### What to work on
Word for word, output every line of the material below, minus pictures.

### Available data
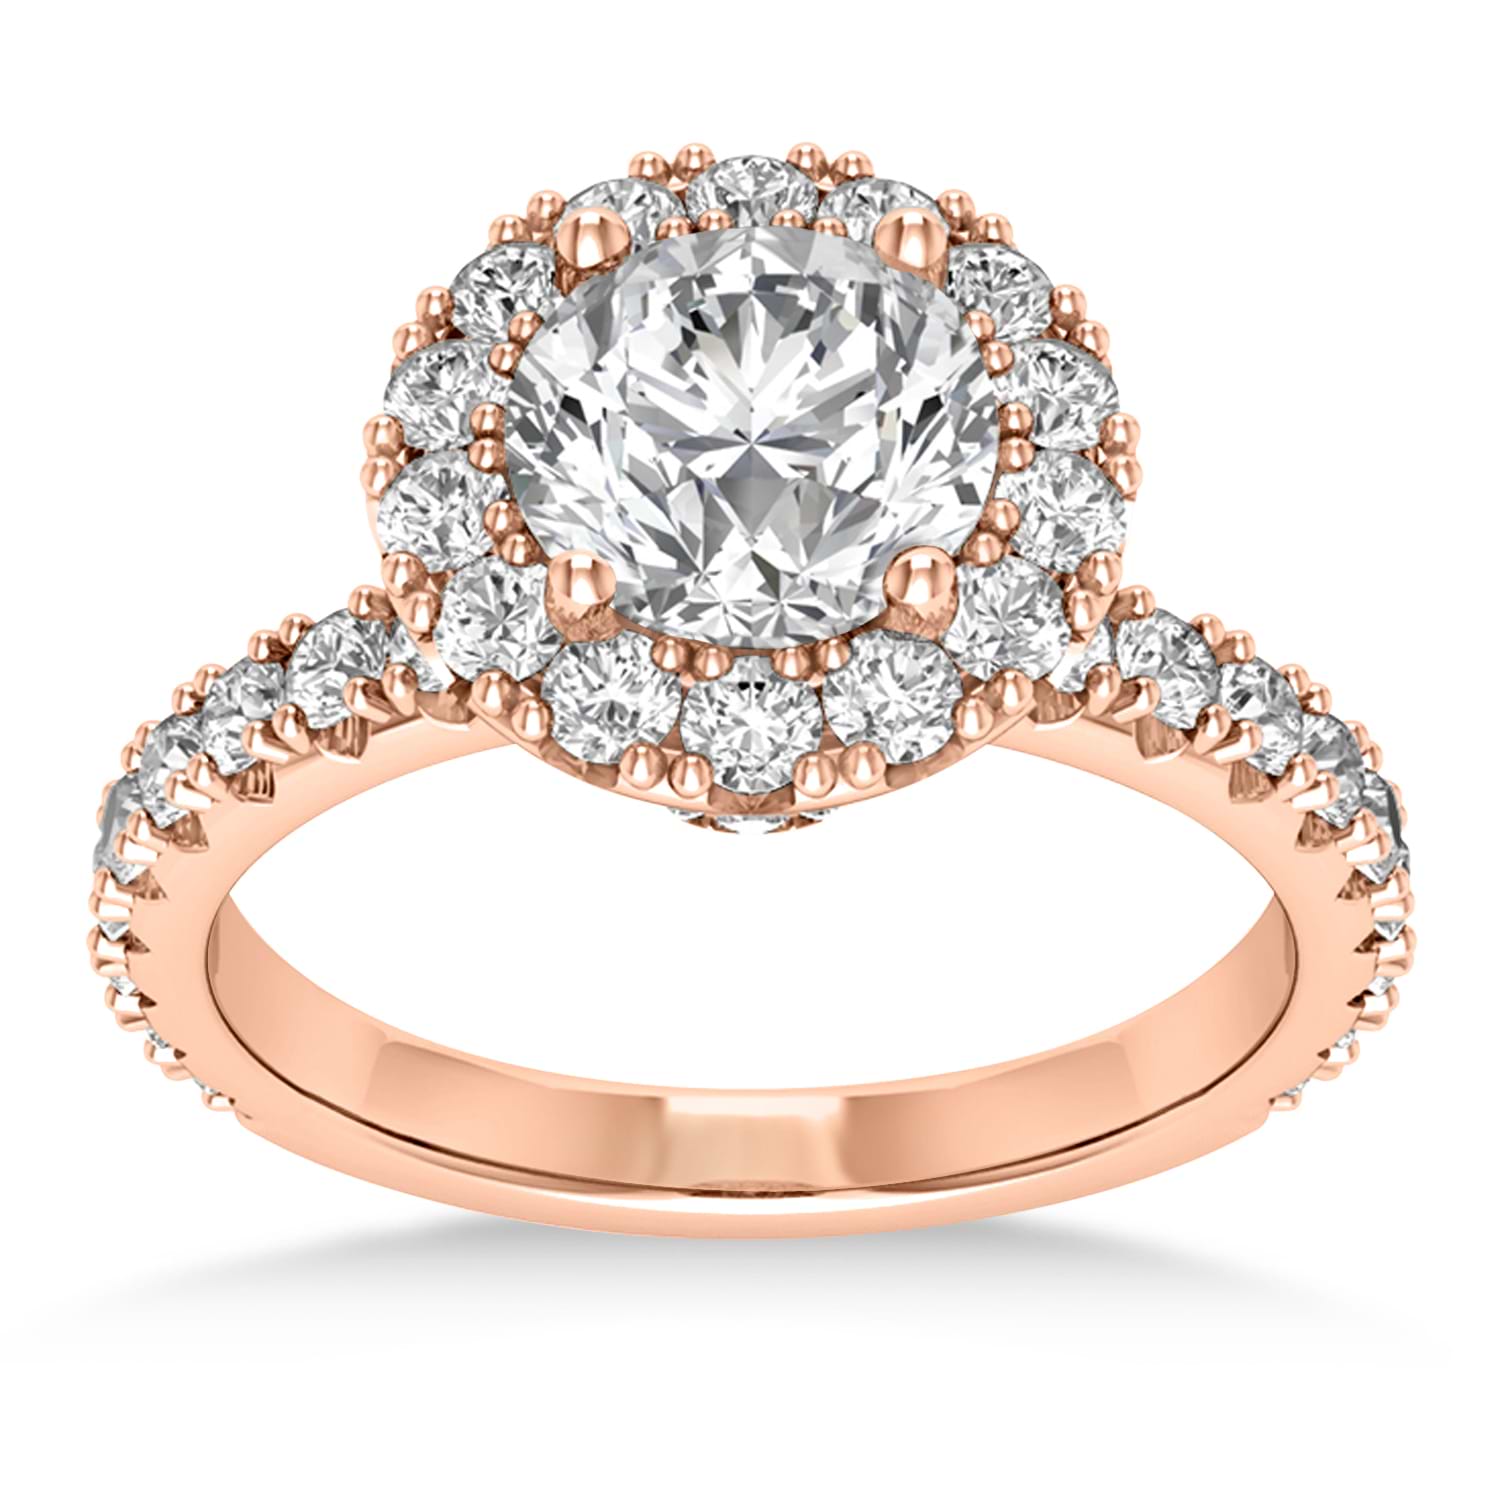 Diamond Halo Engagement Ring 18k Rose Gold (0.90ct)
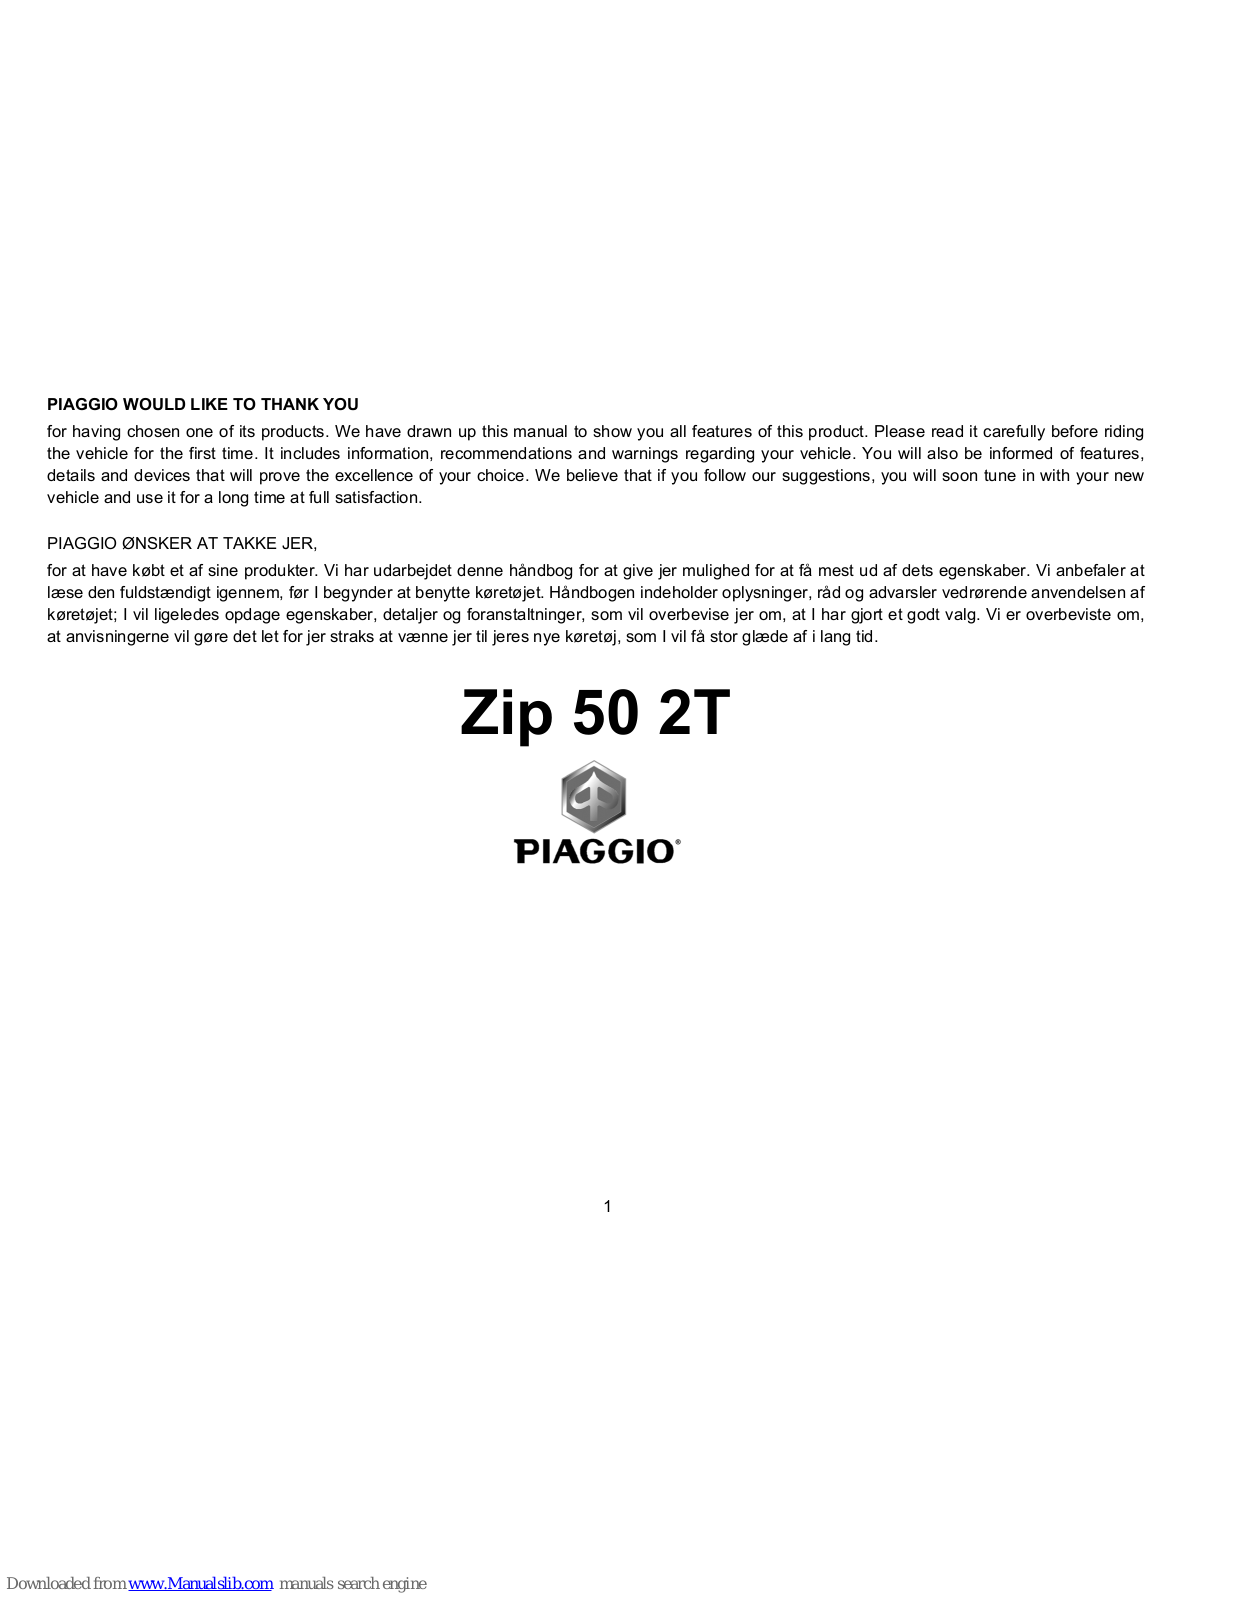 PIAGGIO ZIP 50 2T User Manual
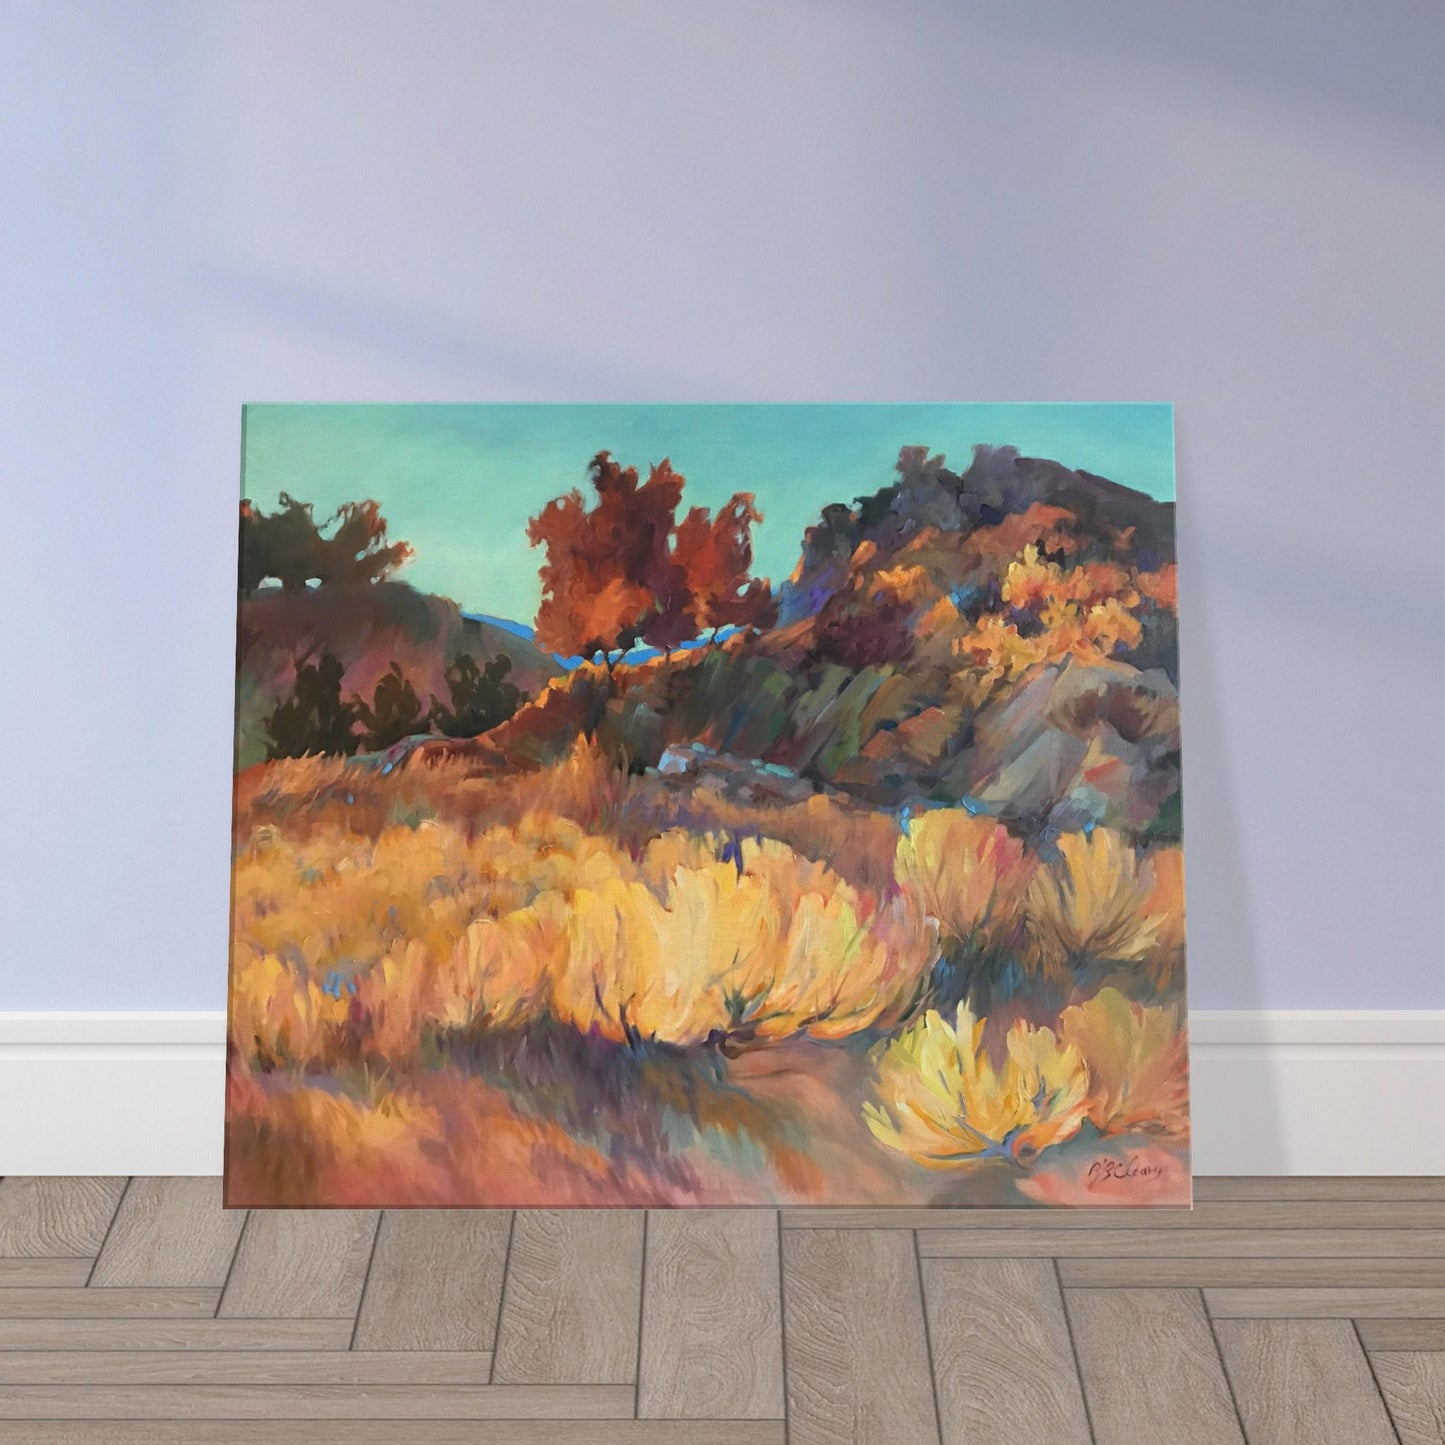 "Rock Ridge" Art Print 20x24 inch on Canvas Barbara Cleary Designs

### Solution below
 Diamond Halo Engagement Ring 18k Rose Gold (0.90ct)
 PIAGGIO ZIP 50 2T User Manual
 "Rock Ridge" Art Print 20x24 inch on Canvas Barbara Cleary Designs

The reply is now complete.